Keywords:Zamzam Water; Memantine; Alzheimer ’s Disease; Memory; ApoE4; p53

Abbreviations:AD: Alzheimer’s Disease; NCD: Neurocognitive Disorder; ADLs: Activities of Daily Living; CEIs: Cholinesterase Inhibitors; NMDA: N-methyl-D-aspartate; STZ: Streptozotocin; IAEC: Institutional Animal Ethics Committee; OFT: Open Field Test

Introduction

Alzheimer’s disease (AD) is widely recognized as the prototypical and most prevalent form of major neurocognitive disorder (NCD). It is a chronic, progressive neurodegenerative condition primarily affecting the elderly population and is characterized by a gradual decline in cognitive abilities, functional independence, and behavioral stability. The disease typically begins with subtle deficits in memory- particularly short-term memory- and over time progresses to involve more complex cognitive domains, including executive functions (such as reasoning, problem-solving, and planning), visuospatial skills, language abilities, and motor coordination. Other hallmark symptoms include impaired praxis (the ability to perform purposeful movements), making even routine tasks increasingly difficult [1].

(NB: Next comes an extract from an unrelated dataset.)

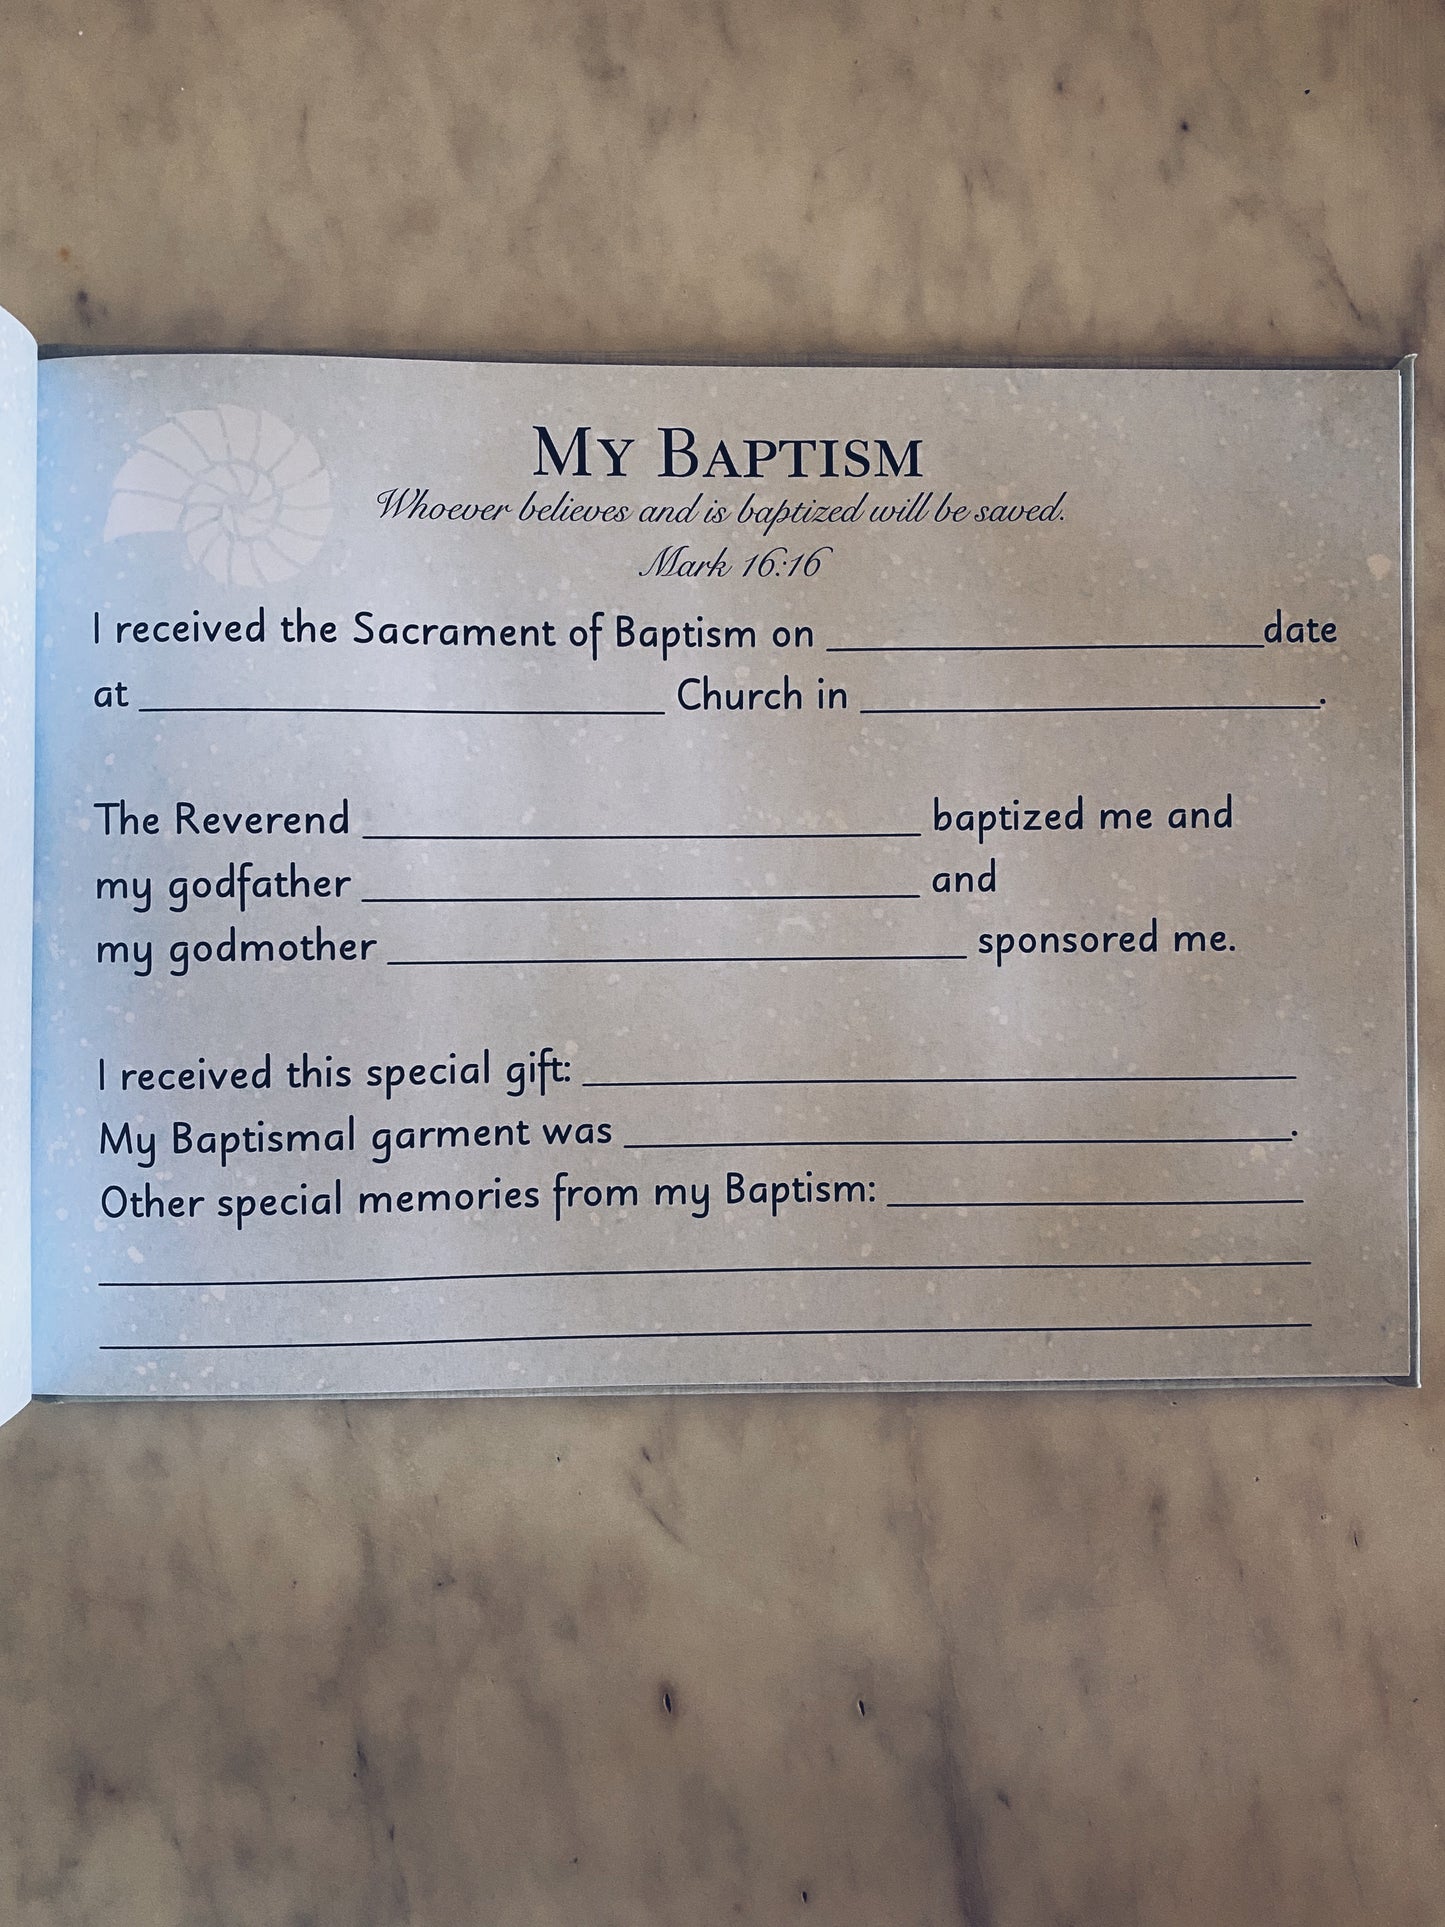 Adoption Catholic Baby Book

As AD advances, individuals experience increasing difficulty in performing basic and instrumental activities of daily living (ADLs), such as cooking, managing finances, or personal hygiene. This erosion of independence significantly affects quality of life and imposes a growing burden on caregivers and healthcare systems. Importantly, AD is not limited to cognitive deterioration alone; neuropsychiatric symptoms are also common. These include depression, anxiety, apathy, agitation, hallucinations, and delusions, which not only exacerbate caregiver stress but may also appear before overt cognitive symptoms become apparent, complicating early diagnosis and management [2].

The global burden of major neurocognitive disorders is rising rapidly. Currently, an estimated 50 million people worldwide are living with some form of NCD, with AD accounting for the majority of cases. Notably, around 60% of these individuals reside in low- and middle-income countries, where access to diagnostic and treatment resources is often limited. Projections suggest a dramatic increase in prevalence, with the number of affected individuals expected to reach 78 million by 2030 and surpass 1.3 billion by 2050, primarily driven by aging populations and increased life expectancy [3].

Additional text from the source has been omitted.